Может быть, Вы позволите мне более детально высказаться по поводу этого предмета впоследствии, особенно после того, как Вы осчастливите нас новыми публикациями писем. Мой друг торопит меня закончить письмо. Как и во многом другом, и здесь он чувствует то же восхищение и любовь к Вам, что чувствует и к Вашему Превосходительству

преданнейший Гегель.

154 (491). ГЕГЕЛЬ - ЦЕЛЬТЕРУ

Когда я вчера прочитал в любезно переданном Вами мне втором выпуске 5-го т[ома] «Искусства и

473

древности»1 одно место на стр. 43, где написано следующие: «.Одну молодую женщину замуровали, чтобы построить крепость Скутари, и этот обычай кажется тем более диким, что на Востоке закладывают в тайники фундамента крепостей только освященные изображения или талисманы, чтобы подобного рода оборонительно-наступательные сооружения сделать неприступными», я вспомнил, что несколько дней тому назад увидел нечто относящееся сюда в «Transactions of the Royal Asiatic Society», vol. 1, Part, 1, (London, 1824). Я нашел это место на стр. 78 в статье Малколма о бхиллах— одном презираемом индийском племени. Вот это место:

«Яджньндева, один из бывших раджей Дхара... У него было четыре брата, вместе с которыми он попытался построить крепость в Манду. Но все его попытки были безуспешны. Ибо как только они выстраивали какую-то часть, все рушилось наземь. Так повторялось несколько раз, пока богиня Халлака Деви в одну прекрасную ночь не явилась по сне Яджньядеве и не сказала, что до тех пор, пока один из братьев не принесет в жертву голову своего сына и его жену, сооружение не будет завершено. Проснувшись на следующее утро, Яджньядева рассказал о своем сне братьям, которых собрал для того, чтобы решить, как быть. Один из братьев сказал: «Пожалуй, у нас нет особой надобности строить эту крепость, для чего нам придется пожертвовать жизнью одного из наших сыновей и его жены». Яджньядева, услыхав эти слава, сказал: «Я отдам голову своего сына и его жены» — и, сказав это, выполнил свое обещание в ту же ночь. Халлака Деви сказала им, что сооружение крепости будет завершено, прежде чем наступит утро следующего дня. И это точно было осуществлено. После какового удивительного происшествия только один из братьев согласился остаться с Яджньядевой» и т. д.

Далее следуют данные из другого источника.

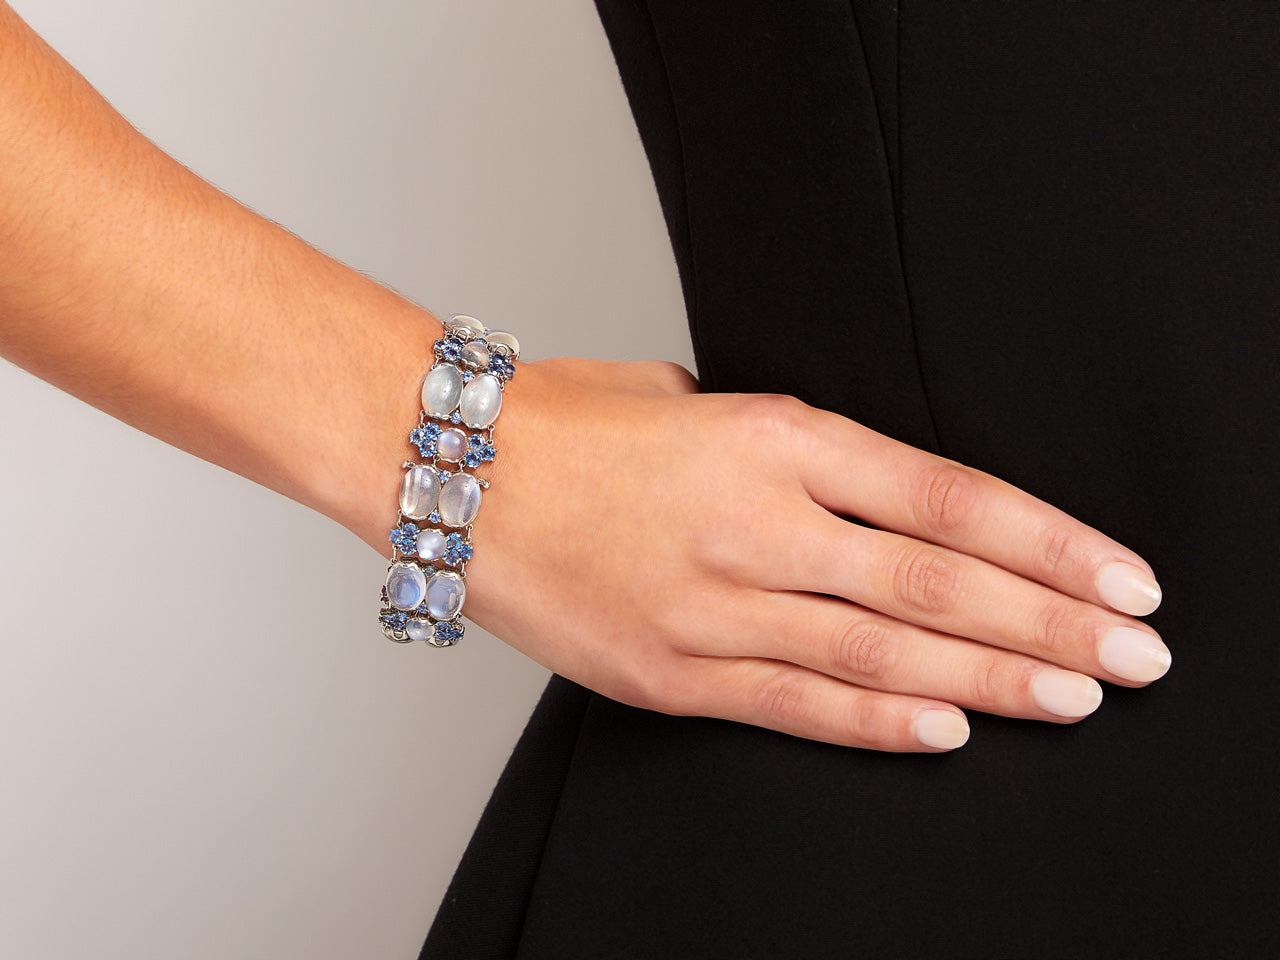 Tiffany & Co. Moonstone and Montana Sapphire Bracelet in Platinum, by Louis Comfort Tiffany

Здесь, правда, речь идет не о замуровании, но все же о человеческом жертвоприношении. Есть сходство и в некоторых других обстоятельствах — братьях, Халлака...

474

Я выписал это место для того, чтобы Вы переслали его господину фон Гёте, и при этом очень прошу Вас поблагодарить его за пересылку мне морфологического журнала2. Я хотел бы также добавить, что еще больше, чем заметка о бхиллах, его заинтересует последняя статья капитана Тода3, которая наряду с другим содержит упоминание об одной индийской поэме совершенно иного рода, чем те, которые нам были известны до настоящего времени, — о поэме, в которой больше гомеровского колебания между богами и людьми, чем в обычном для Индии фантастическом смешении, где все, от чего можно ожидать оформленности, сразу же становится бескрайне обширным и, напротив, сейчас же ослабевает от полной обыденности.

Благодарю, вскоре верну Вам присланное.

Гегель, 1/5—25.

155 (494). КУЗЕН-ГЕГЕЛЮ

Париж, 21 августа 1825 г.

Я пишу Вам, дорогой друг, с сердцем, раздираемым горем. После месяца, полного горестных сомнений и неясности, я получил наконец достоверное известие, что С[анта] Р[озы] уже нет в живых. Он погиб, пытаясь подать пример малодушным, которые так и не пошли по его стопам. Вы знаете, как я любил С[анта] Р[озу]1. О Гегель, я потерял то, чего никогда уже не найду в своей ЖИЗНИ: интимное и глубинное соединение двух качеств, которые и так ценю, — нежности и силы. Извините, что я не продолжаю, но если я начну говорить о нем, то уже не смогу рассказать Вам о других вещах, а я ведь хочу написать Вам обо всем, что произошло с тех пор, как мы с Вами расстались.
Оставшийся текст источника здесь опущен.